Extracted material
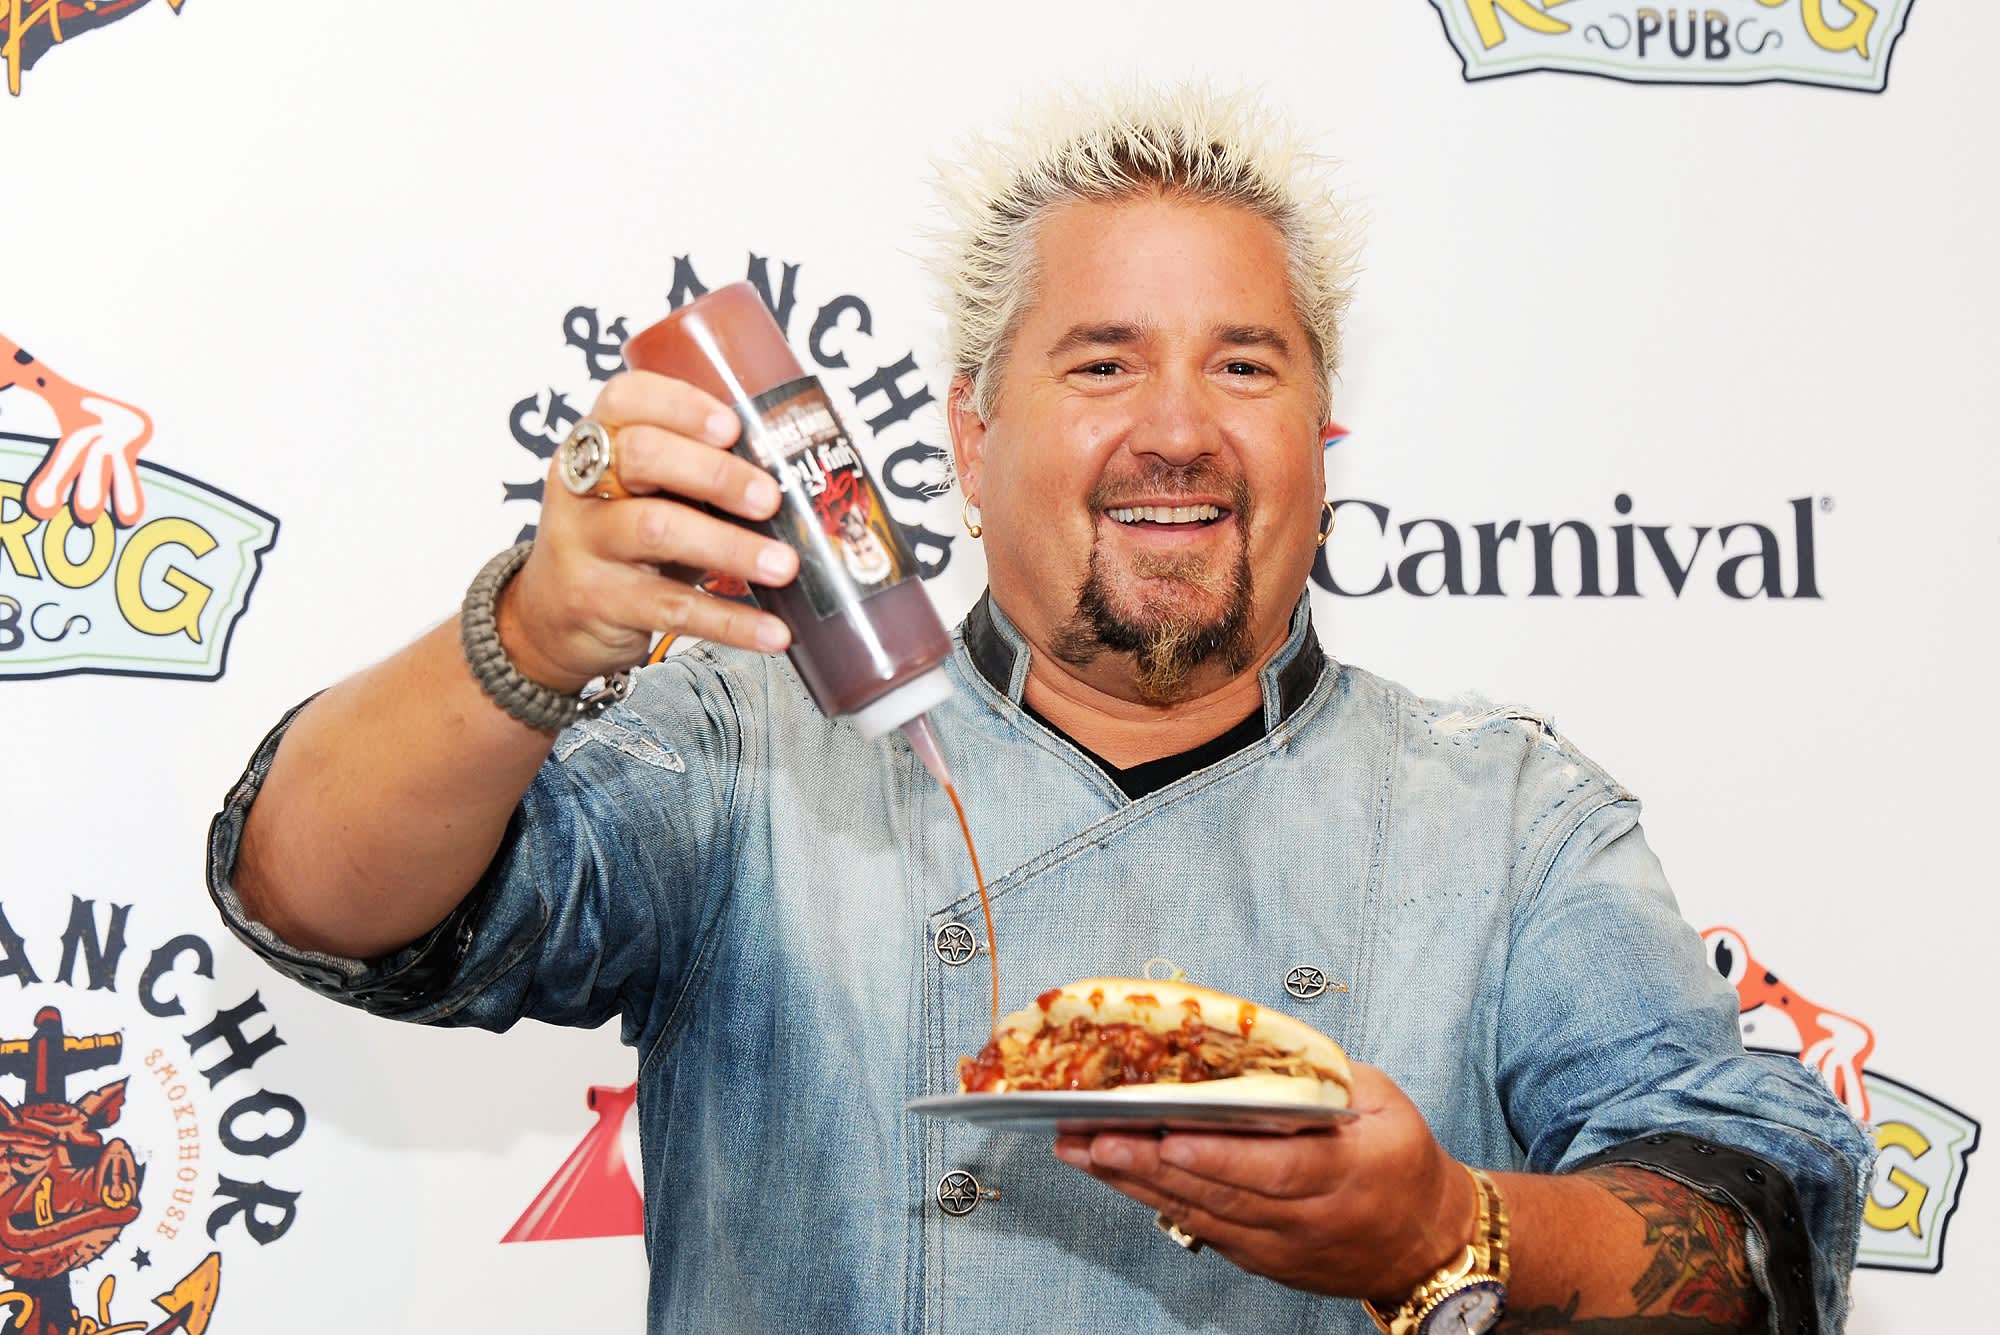 Celebrity chef Guy Fieri: These 3 ingredients will give you the best meals for the least amount of money - CNBC
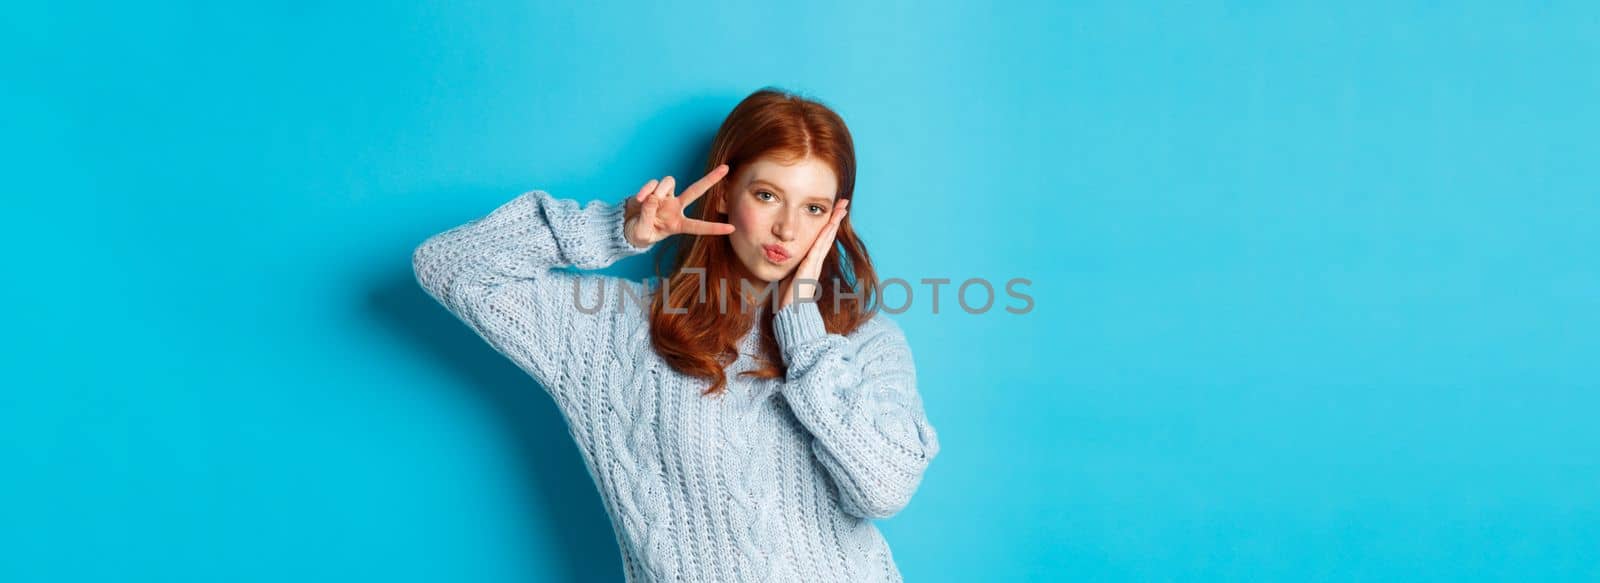 Modern teen girl with red hair, showing peace sign and posing in sweater against blue background.
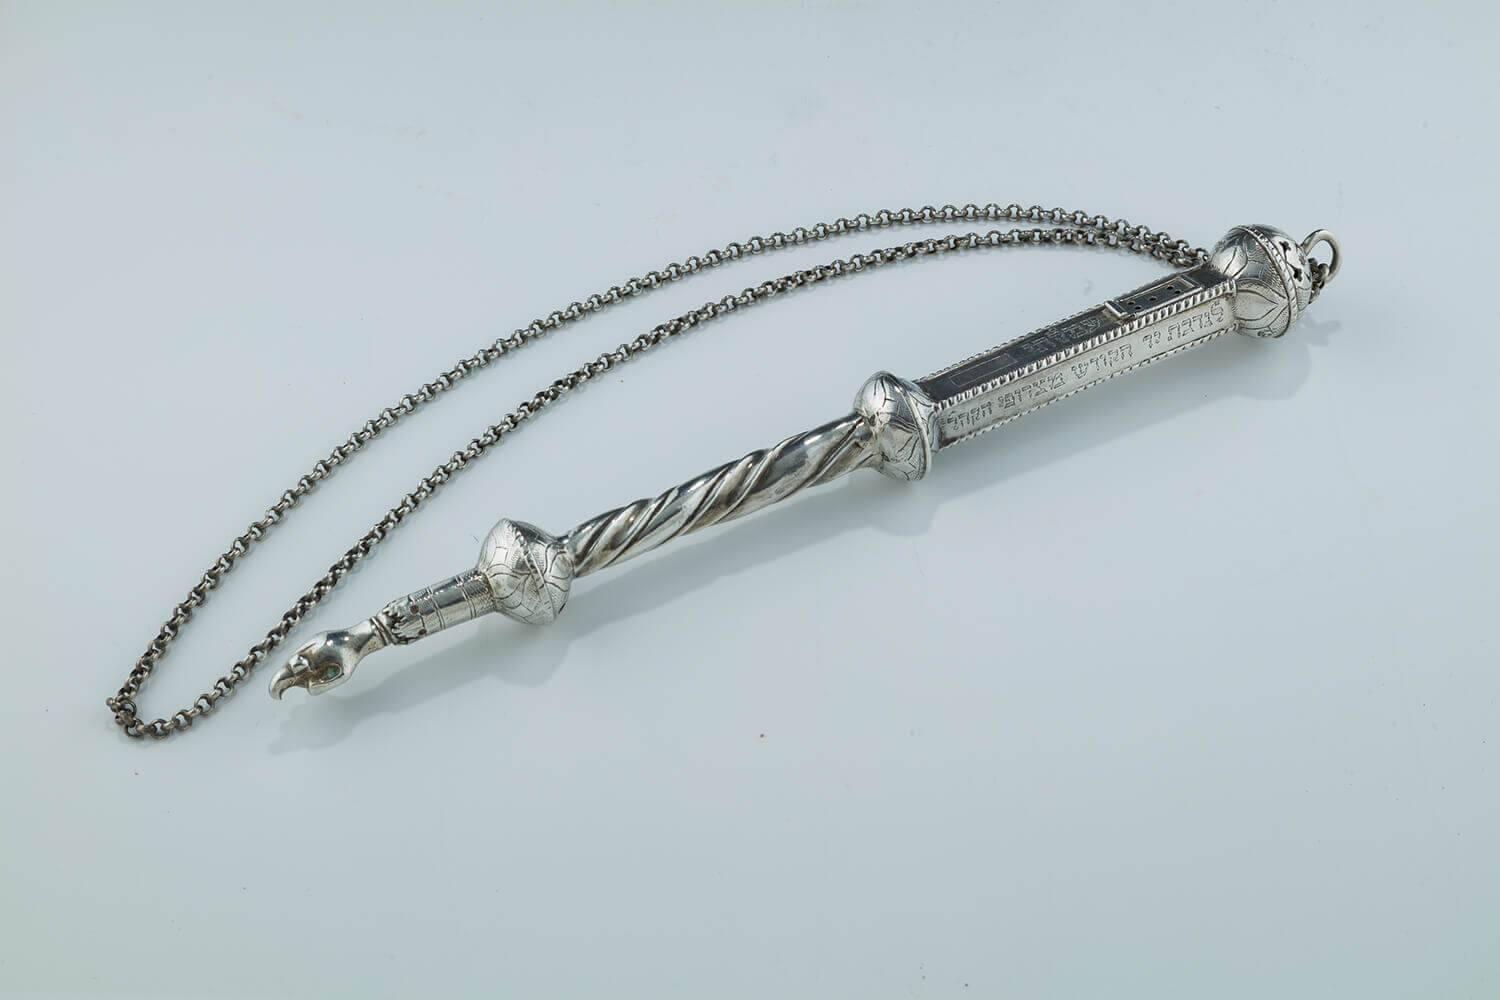 078. A RARE AND IMPORTANT SILVER TORAH POINTER
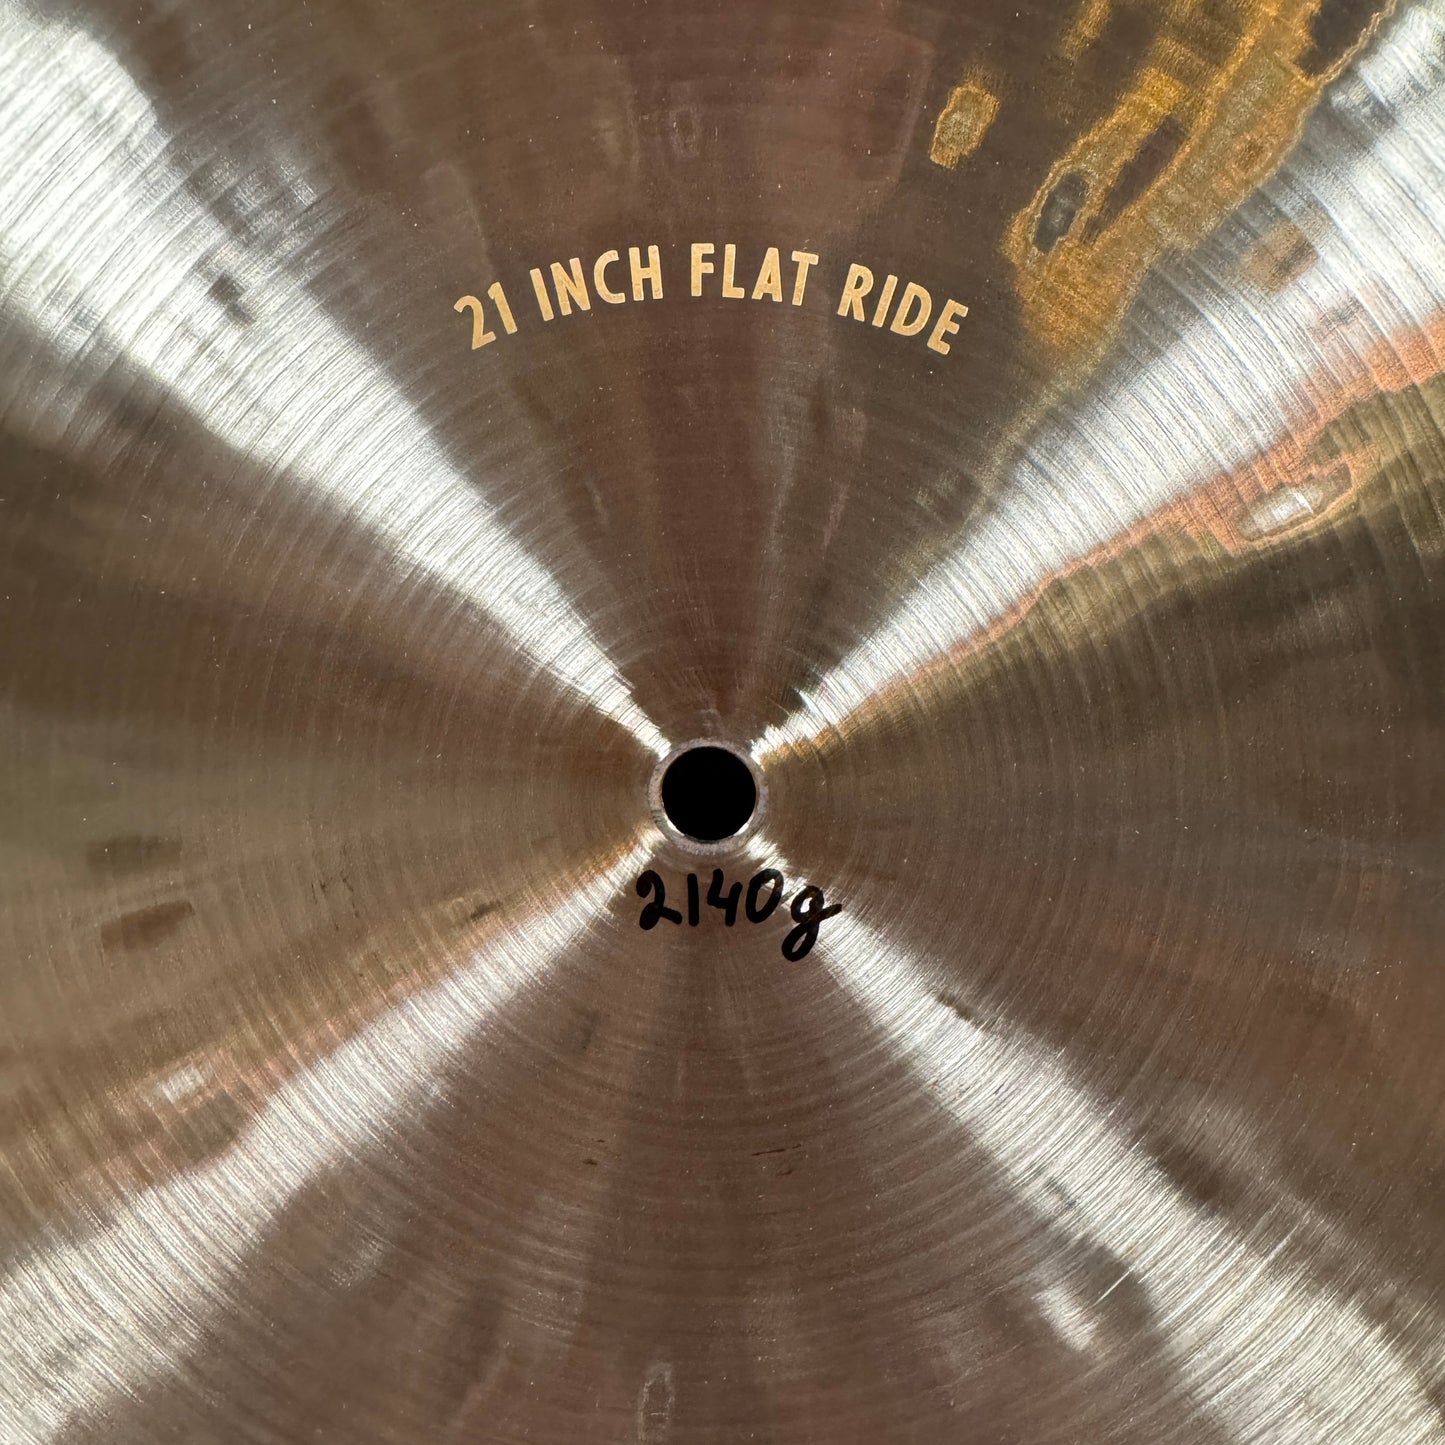 21" Meinl Byzance Foundry Reserve Flat Ride Cymbal 2140g *Video Demo*
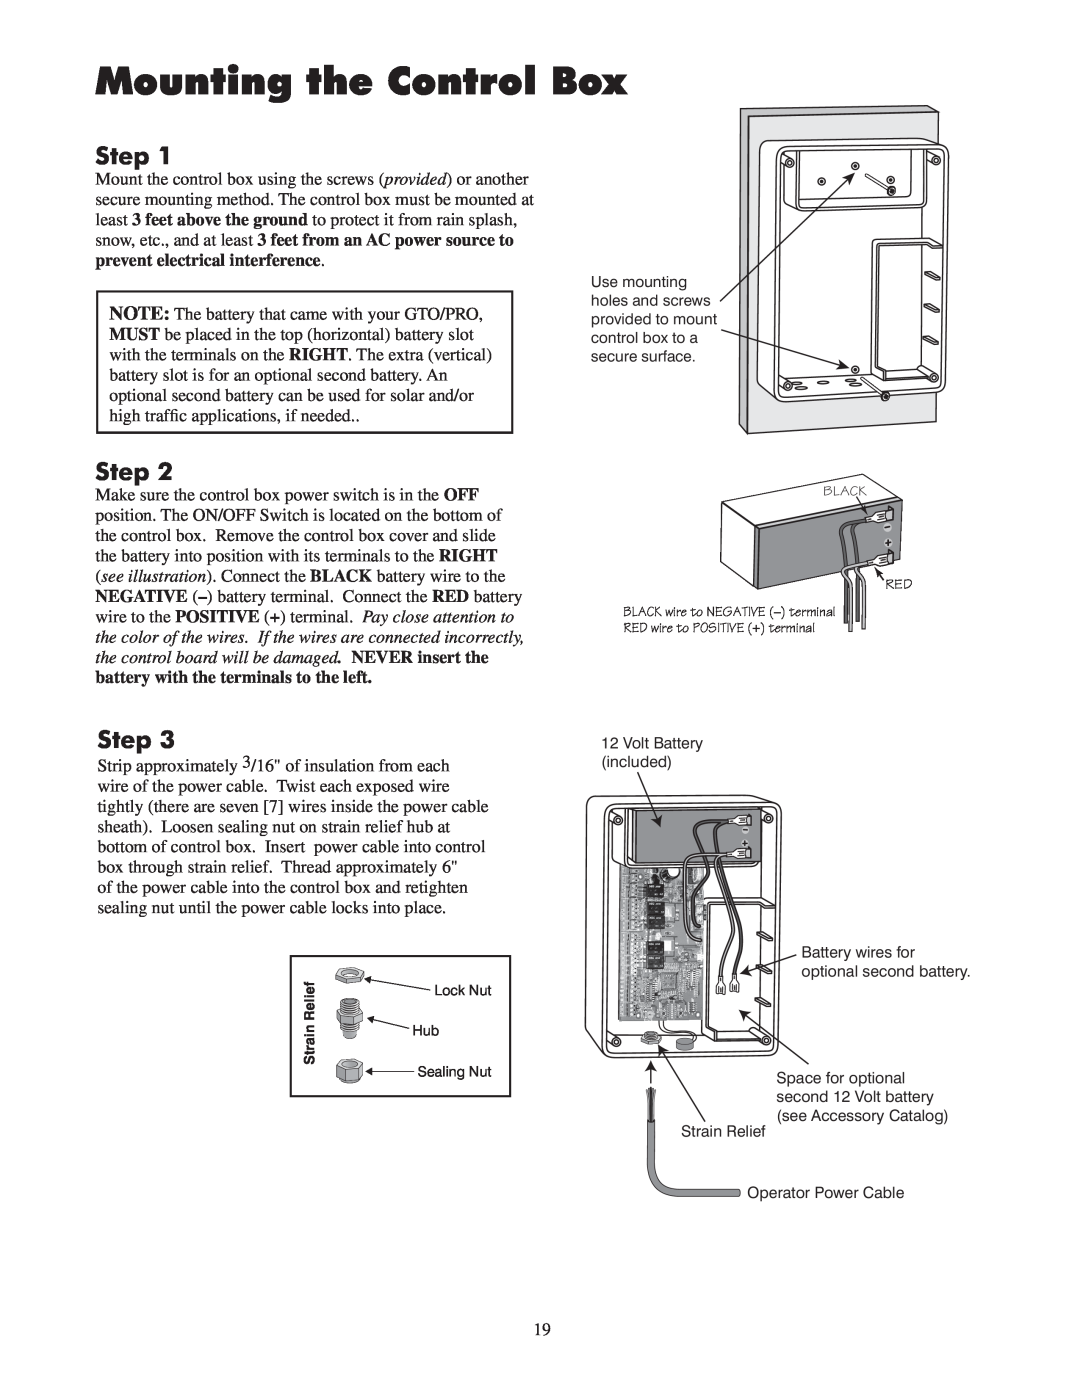 GTO 2502, 2550 installation manual Mounting the Control Box, Step

Your instructions
Without changing a single word, set down all of the material again and leave out its pictures.

Solution to this problem
 Celebrity chef Guy Fieri: These 3 ingredients will give you the best meals for the least amount of money - CNBC
 Modern teen girl with red hair, showing peace sign and posing in sweater against blue background.
 078. A RARE AND IMPORTANT SILVER TORAH POINTER
 21" Meinl Byzance Foundry Reserve Flat Ride Cymbal 2140g *Video Demo*
 GTO 2502, 2550 installation manual Mounting the Control Box, Step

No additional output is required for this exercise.